Perineural invasion by rectal carcinoma is a negative prognostic factor.30 45 46 It has been reported that perineural invasion may be underreported due to the technical difficulty in its identification, and significant interobserver variability has been noted.45 46

Extramural Vascular Invasion

Venous invasion beyond the muscularis propria is predictive of visceral metastasis, relapse, and decreased survival in colorectal cancer.28 47 48 49 50 Thus, preoperative MRI can be valuable in identifying high-risk patients who may benefit from neoadjuvant treatment. Identified on T2-weighted images, radiologists can note whether EMVI is present near the mesorectal fascia.25 51 When EMVI is noted on MRI but not found histologically, it may indicate the need for taking additional sections and further assessment. Elastic stains are not routinely used to look for EMVI, but studies have shown a marked increase in EMVI detection when used. Some suggest that all tumor blocks be stained with elastic stains to increase the sensitivity of venous invasion detection and, accordingly, to improve the prediction of cancer-specific survival.50 52 53

Differentiation

The grade of tumor cell differentiation in rectal cancer has consistently shown prognostic significance.
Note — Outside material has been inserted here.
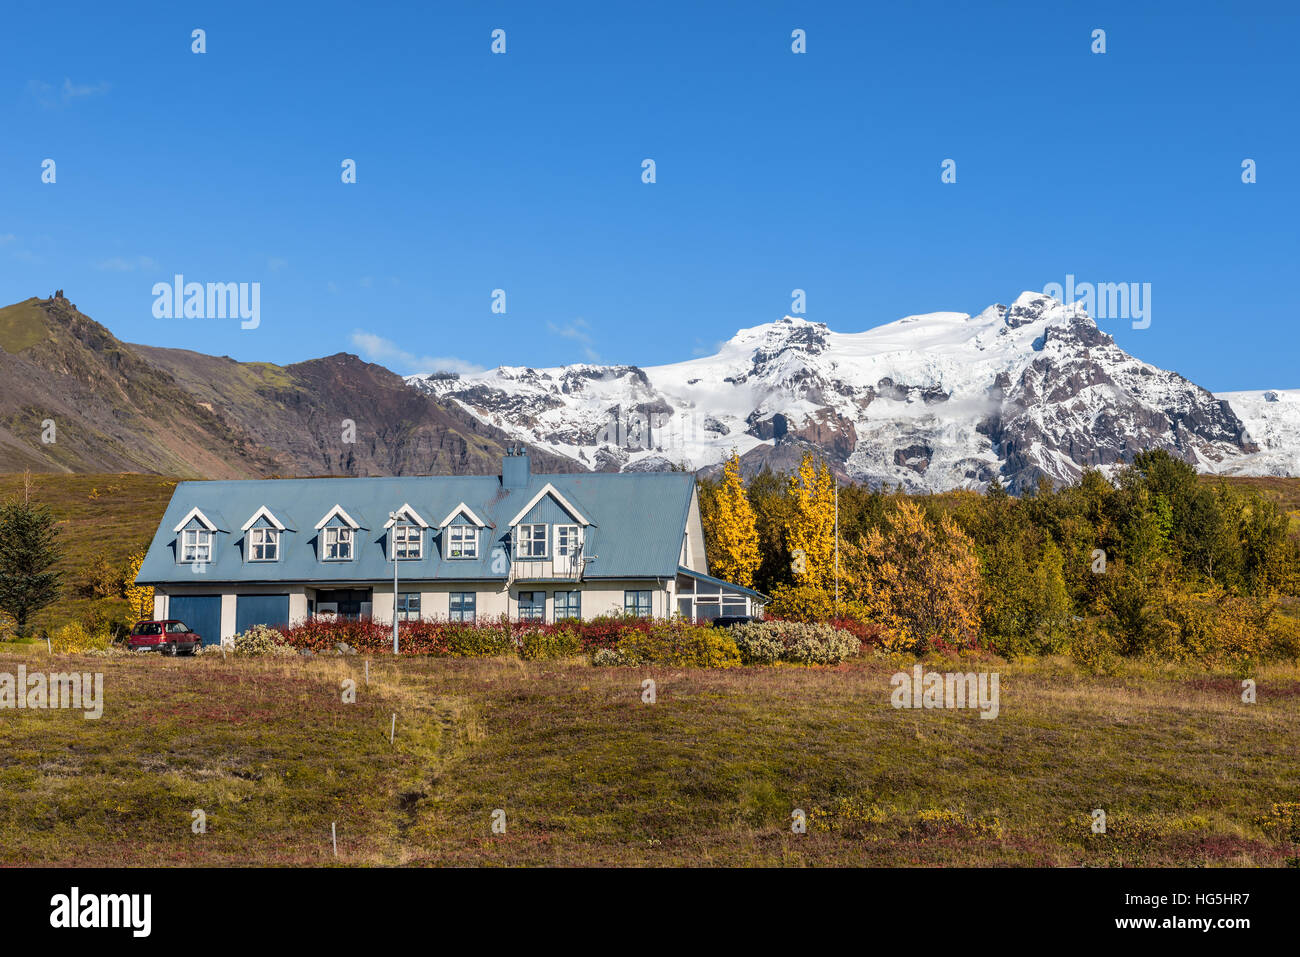 Paisaje con una casa de Islandia y montañas nevadas en el fondo. Foto de stock

However, no universal grading system is agreed upon for the differentiation of rectal cancer.45 54 Some systems use the worst area and other use the most common area There is also variability between observers.55 Two of the most common systems for grading tumor differentiation rely solely on the percentage of tumor that is making glands.54 Our institution follows the CAP recommendations, with low-grade tumors having > 50% gland formation and high-grade tumors having < 50% gland formation.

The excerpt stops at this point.